***** AVAILABLE DATA *****

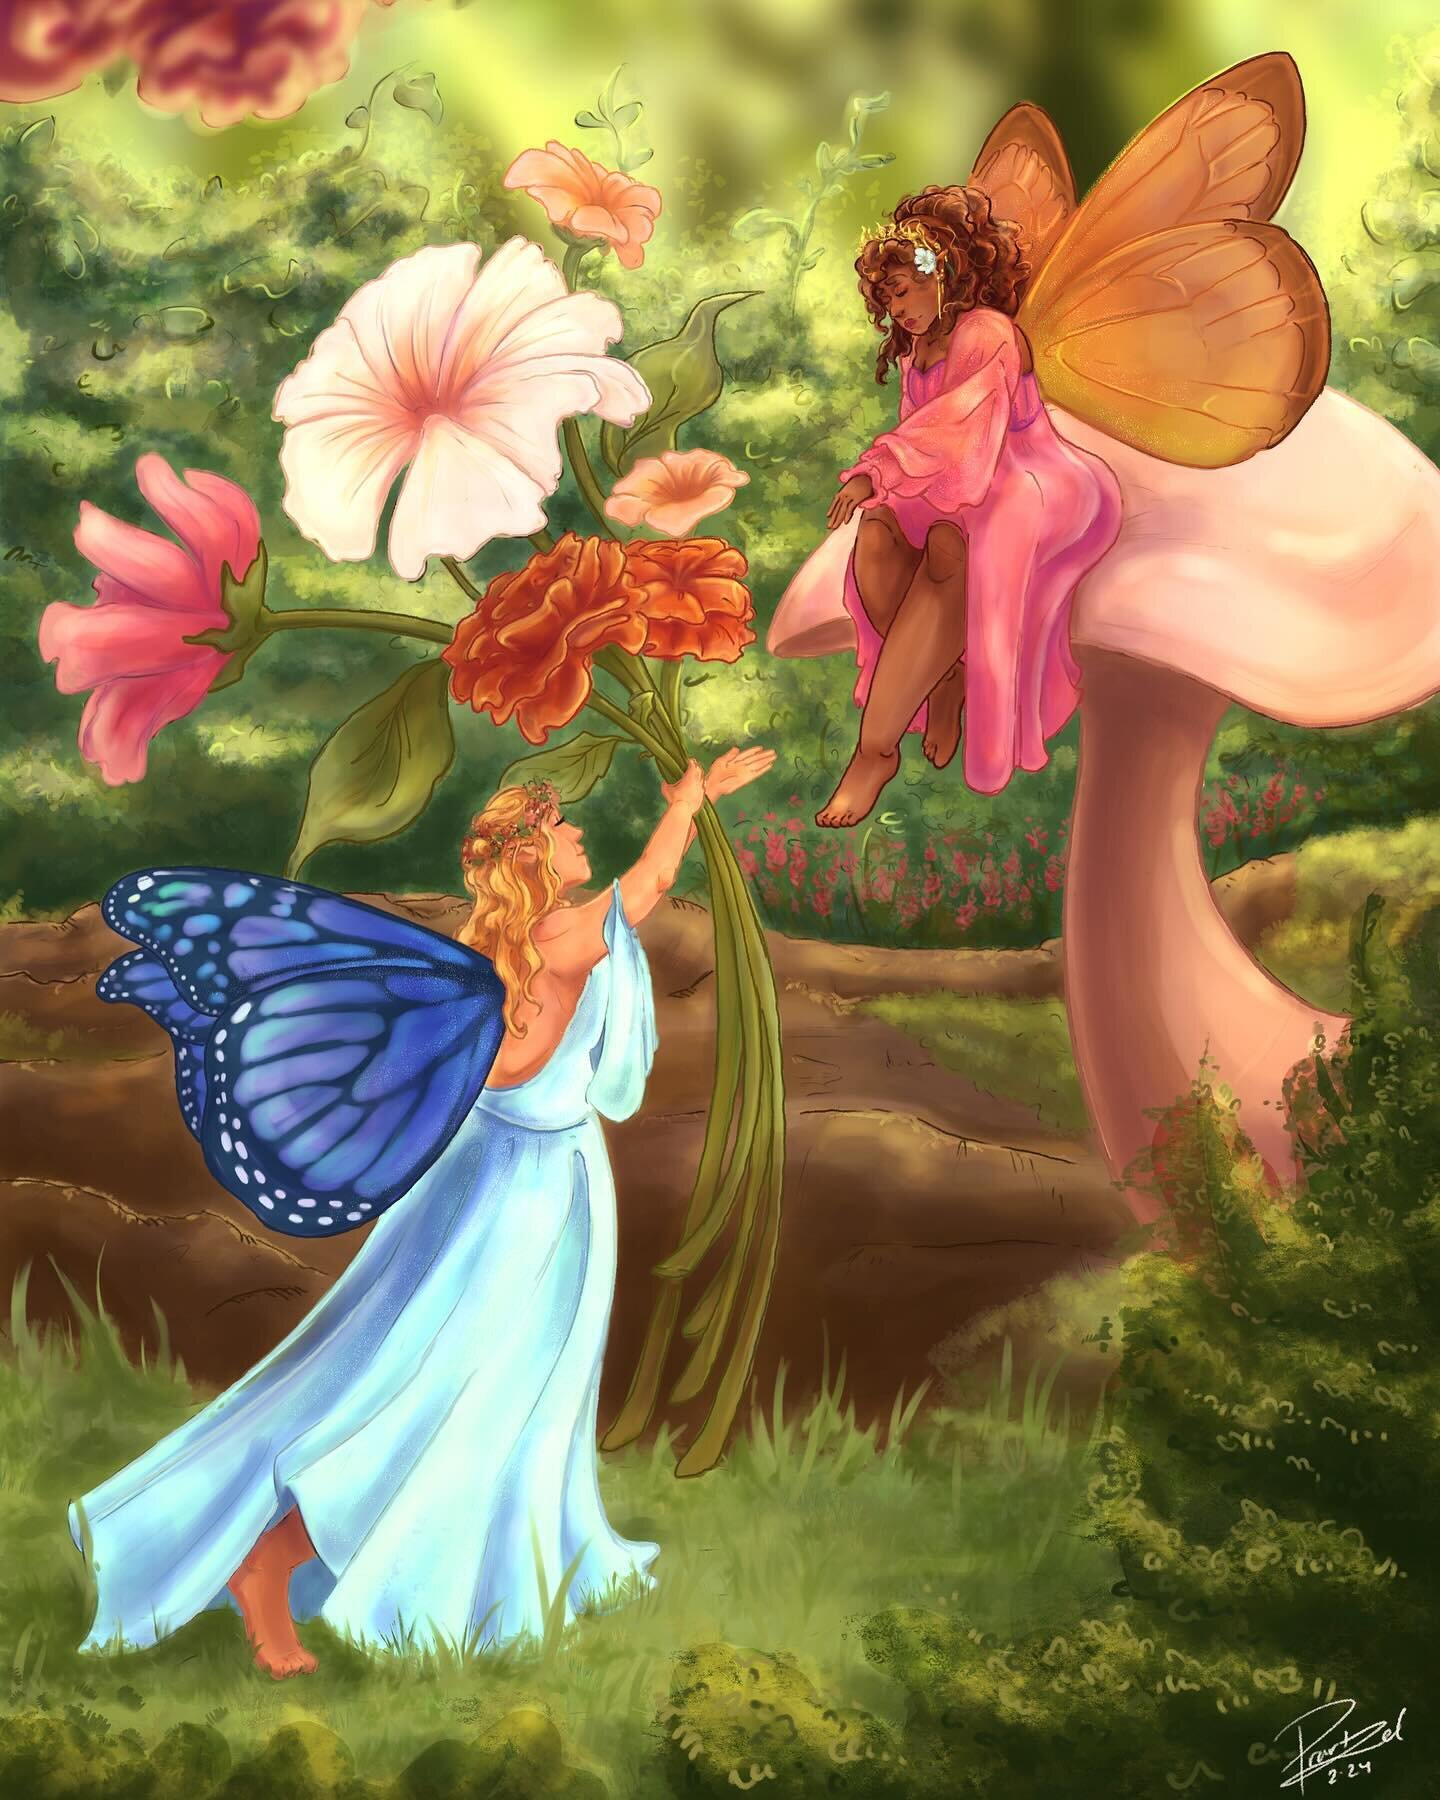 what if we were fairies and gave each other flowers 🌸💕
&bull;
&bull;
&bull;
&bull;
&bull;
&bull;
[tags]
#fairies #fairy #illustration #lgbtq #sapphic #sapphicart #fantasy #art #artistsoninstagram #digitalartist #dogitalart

*****

• **TASK**
Output each line of the records exactly. Any picture is skipped.

• **EXERCISE RESPONSE**
 what if we were fairies and gave each other flowers 🌸💕
&bull;
&bull;
&bull;
&bull;
&bull;
&bull;
[tags]
#fairies #fairy #illustration #lgbtq #sapphic #sapphicart #fantasy #art #artistsoninstagram #digitalartist #dogitalart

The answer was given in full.